The pattern I'm generating is similar to the one from the docs webpage.

# Initialize FourierSLM as `fs` as in docs webpage.
# fs.cam.shape = (800, 800)

xlist = np.arange(250, min(fs.cam.shape) - 300, 90)  
ylist = np.arange(250, min(fs.cam.shape) - 300, 90)
xgrid, ygrid = np.meshgrid(xlist, ylist)

square = np.vstack((xgrid.ravel(), ygrid.ravel()))  
from slmsuite.holography.algorithms import SpotHologram
hologram = SpotHologram(shape=(2048, 2048), spot_vectors=square, basis='ij', cameraslm=fs)

# Optimization
comp_kwargs = {"power": 0.7}
hologram.optimize('WGS-Kim', feedback='computational', stat_groups=['computational'], maxiter=30, **comp_kwargs)

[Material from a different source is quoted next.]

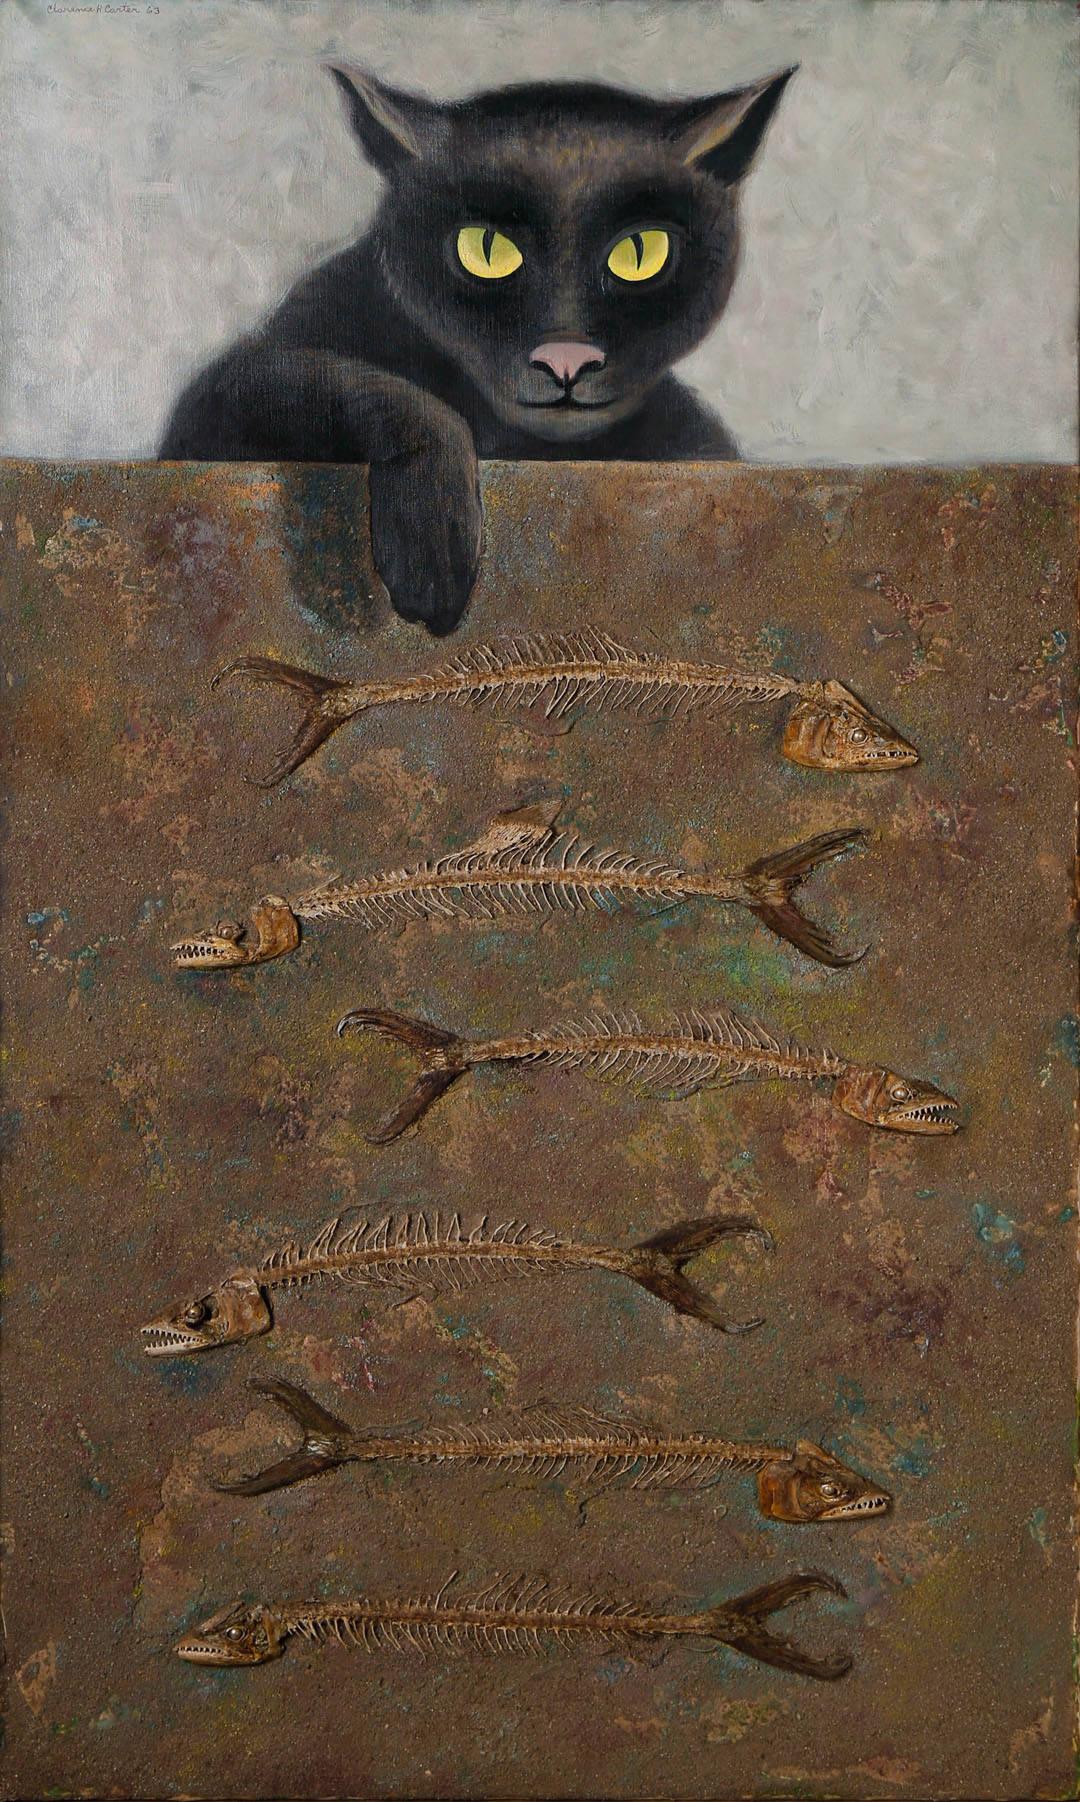 Over and Above : n° 6, chat surréaliste avec os de poissons, école de Cleveland du 20e siècle - Modernisme américain Painting par Clarence Holbrook Carter

Upon recording with the camera, we get a 3x3 array as intended. Checking the resulting img with subimages = analysis.take(img, vectors=square, size=40, integrate=False) also yields good results.

# Optimization w. cam feedback
exp_kwargs = {"power": 0.2, "factor": 0.5} # Factor is for Nogrette

hologram.optimize('WGS-Kim', maxiter=5, feedback='experimental_spot', stat_groups=['computational', 'experimental_spot'], **exp_kwargs)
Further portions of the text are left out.